**What you need to do**
Give a verbatim copy of the lines below, minus the pictures.

**Source data**
= Beginning of Section =

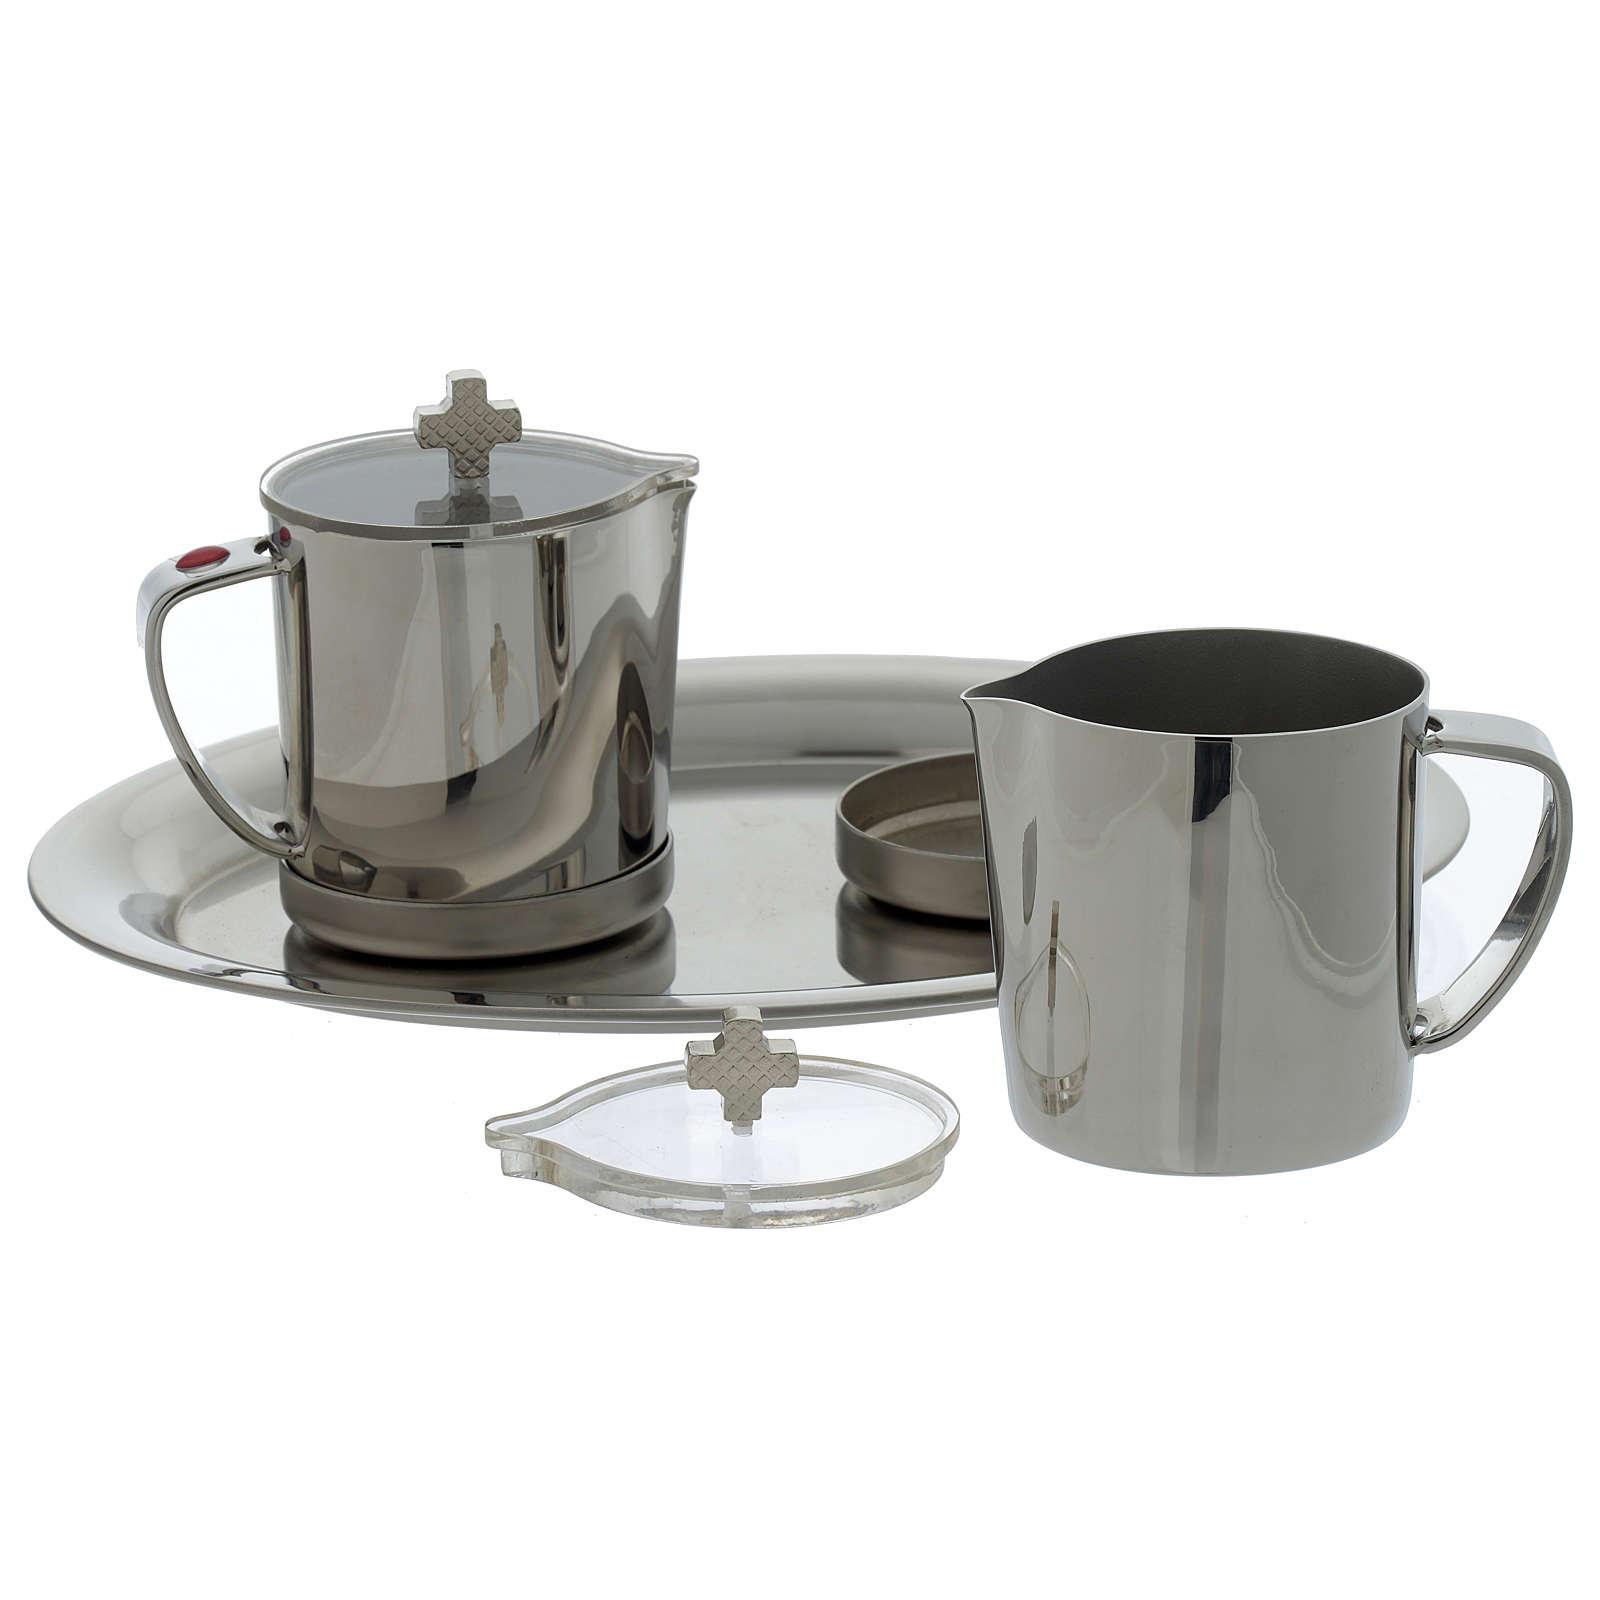 Stainelss steel cruets for mass metal handle 4
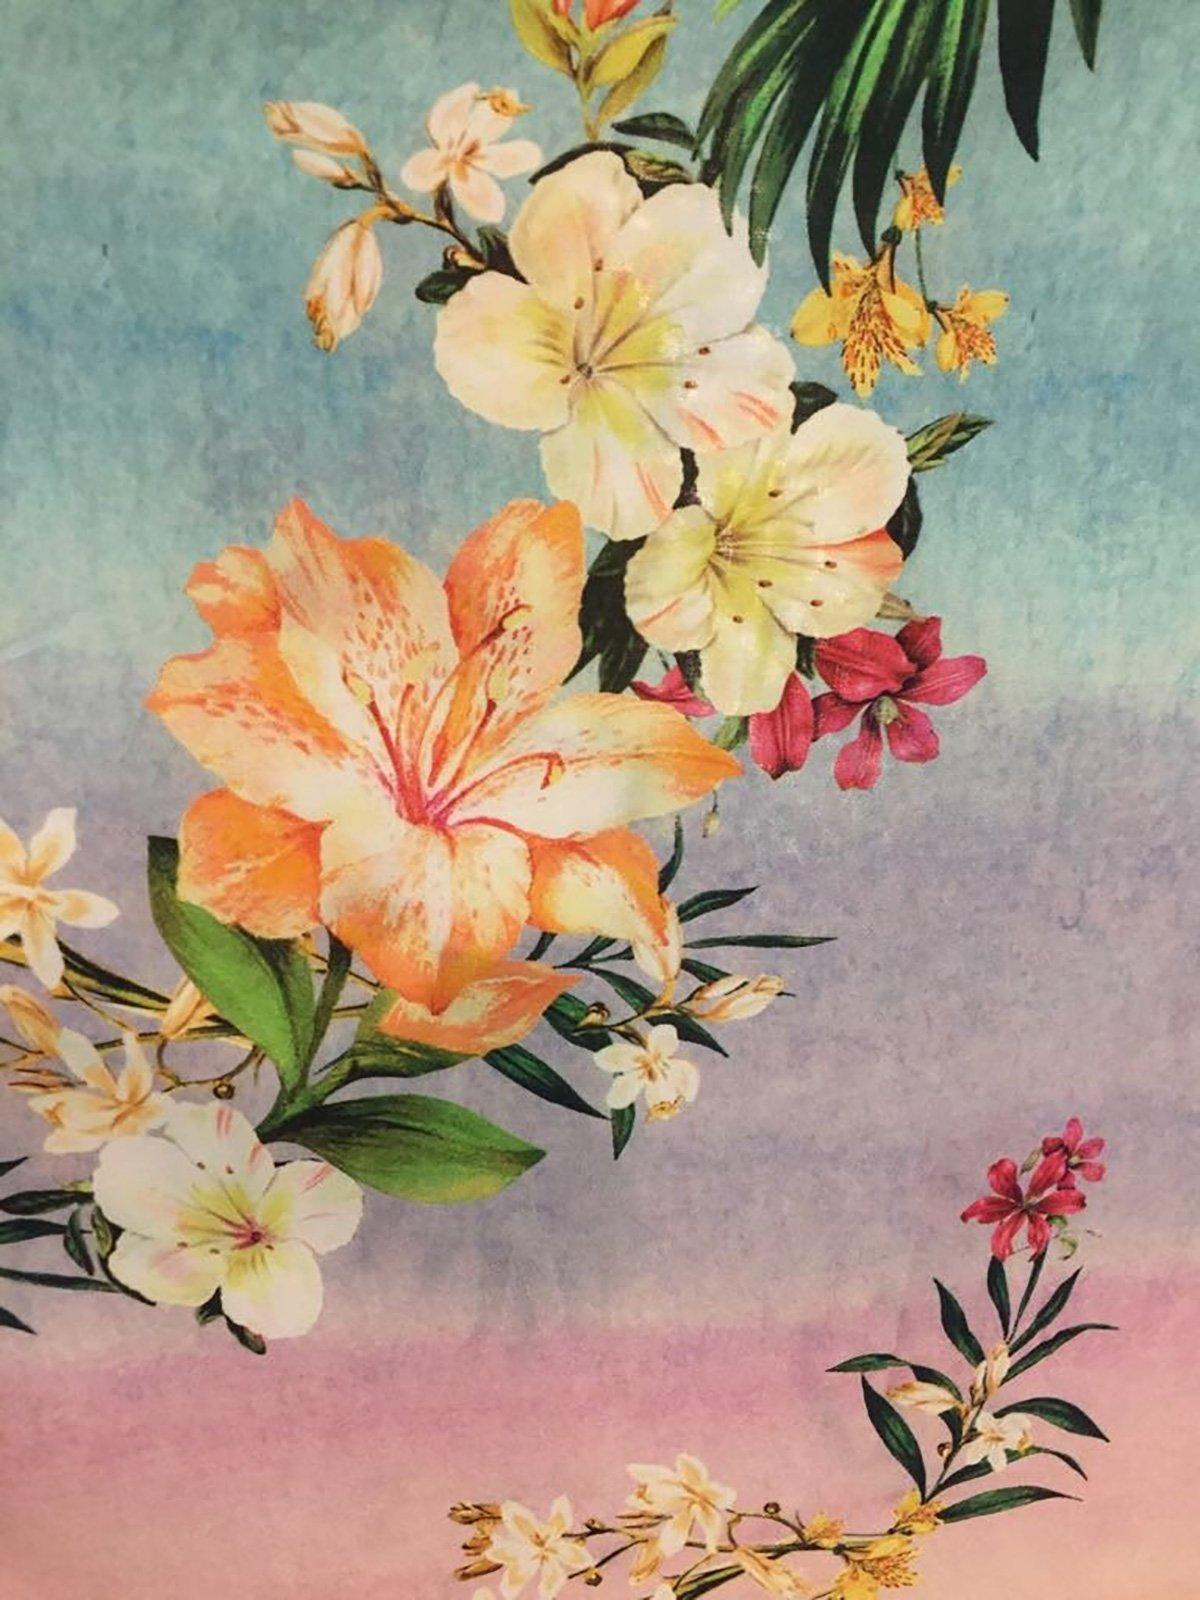 9ae0c3bc54 ... Long pastel gradient floral beach dress - VESTIDO LONGO HORIZONTE  FLORIDO ...
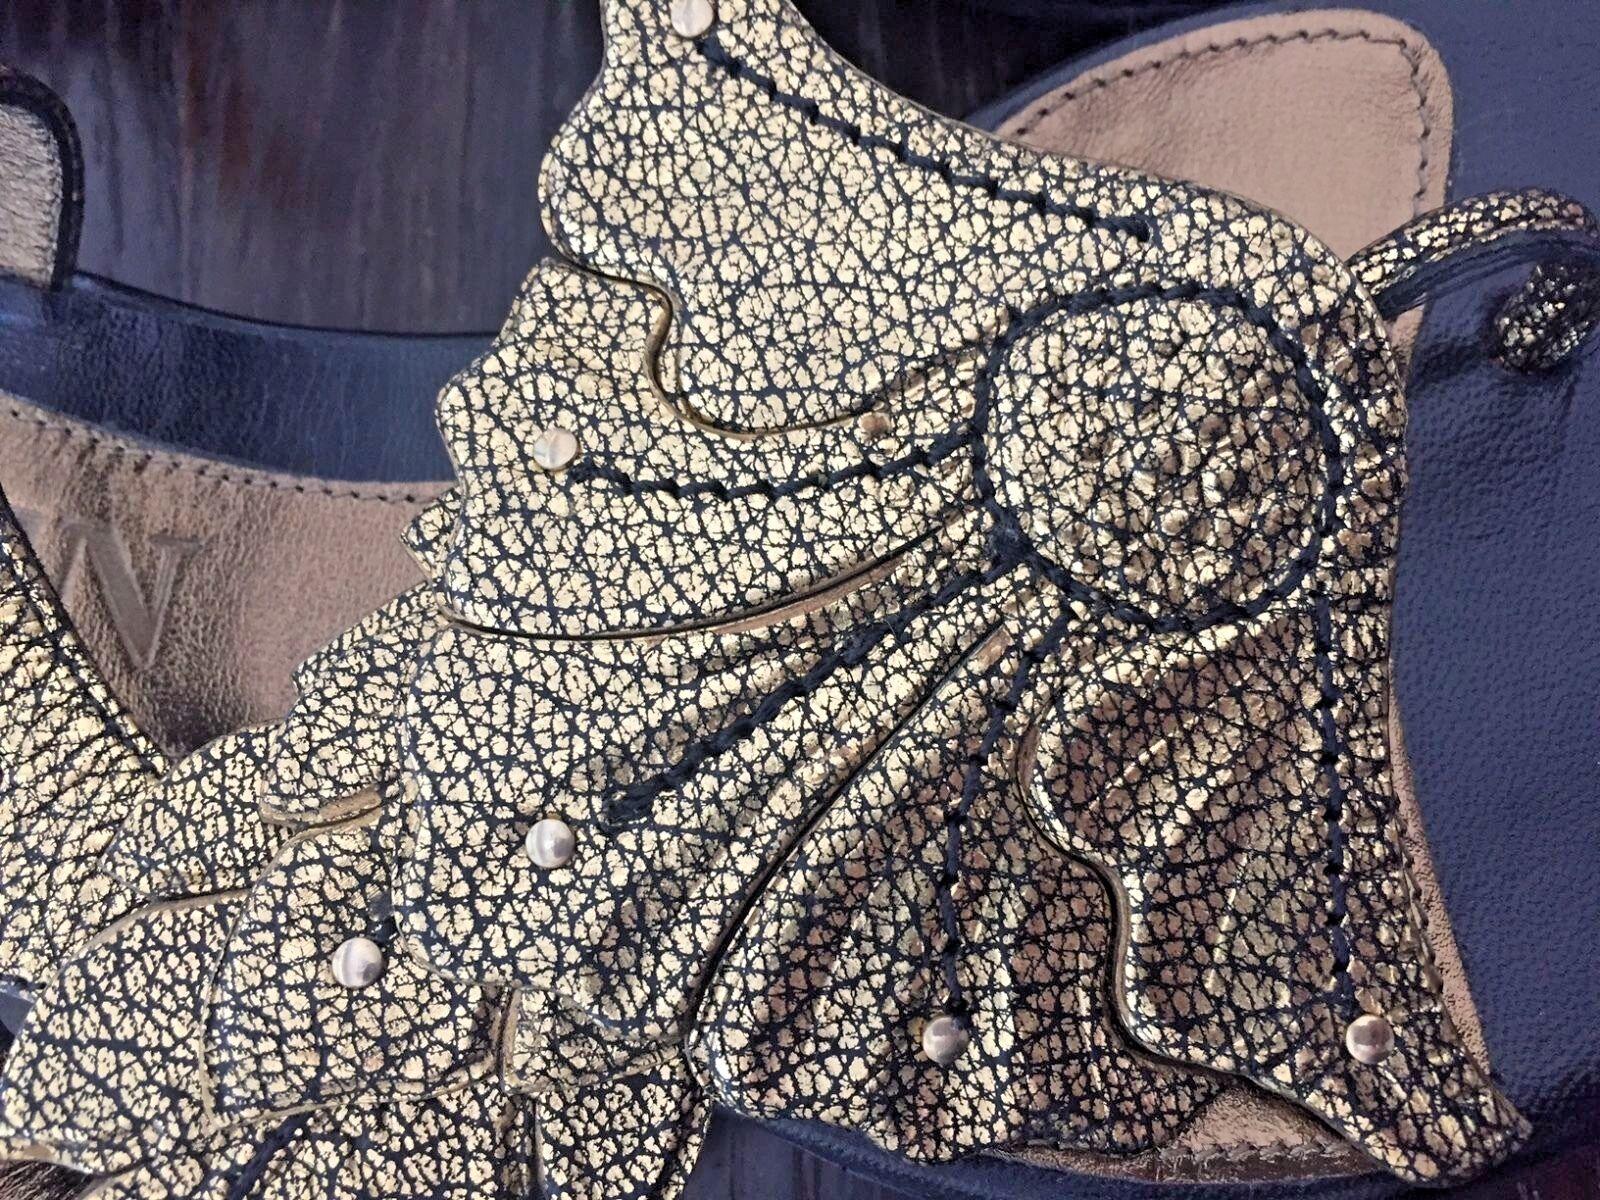 Alexander McQueen AMAZING sandals metallic  leaf motif SOLD SOLD SOLD OUT NEW 1d36ba
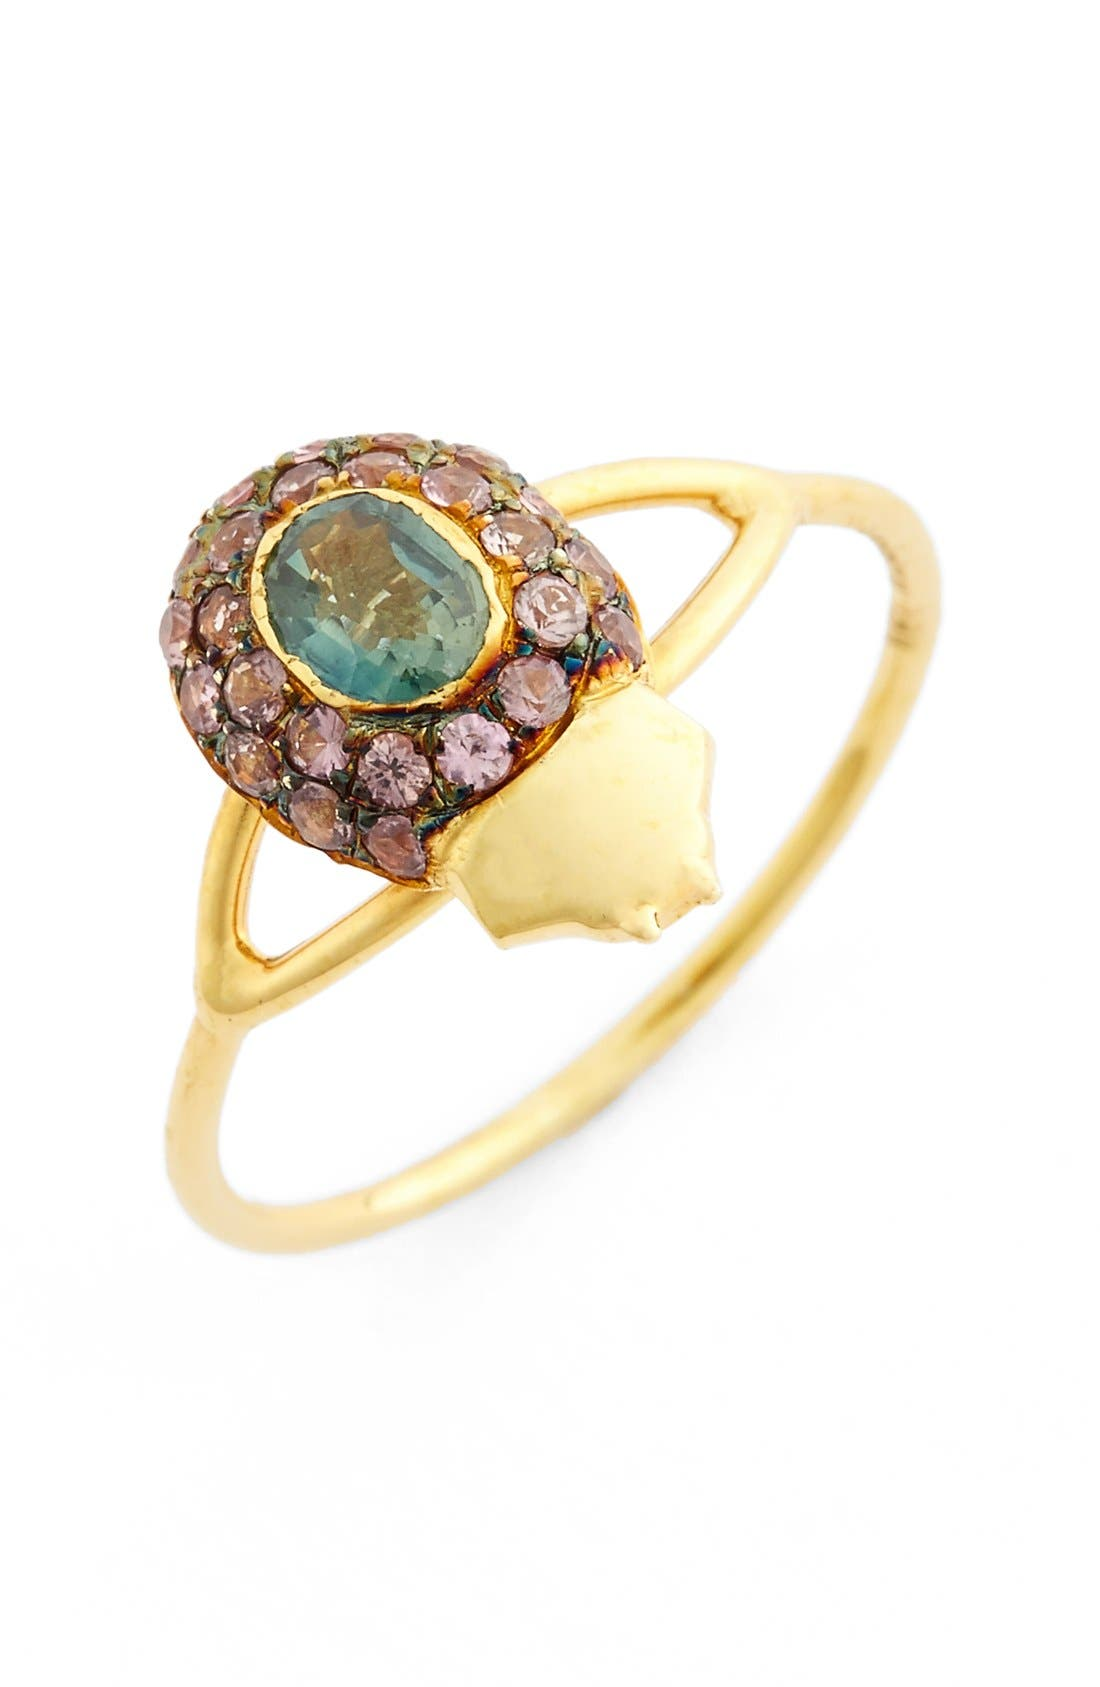 'Maat' Sapphire Ring,                             Main thumbnail 1, color,                             710

= End of Section =

**Response to the task**
 Stainelss steel cruets for mass metal handle 4
 9ae0c3bc54 ... Long pastel gradient floral beach dress - VESTIDO LONGO HORIZONTE  FLORIDO ...
 Alexander McQueen AMAZING sandals metallic  leaf motif SOLD SOLD SOLD OUT NEW 1d36ba
 'Maat' Sapphire Ring,                             Main thumbnail 1, color,                             710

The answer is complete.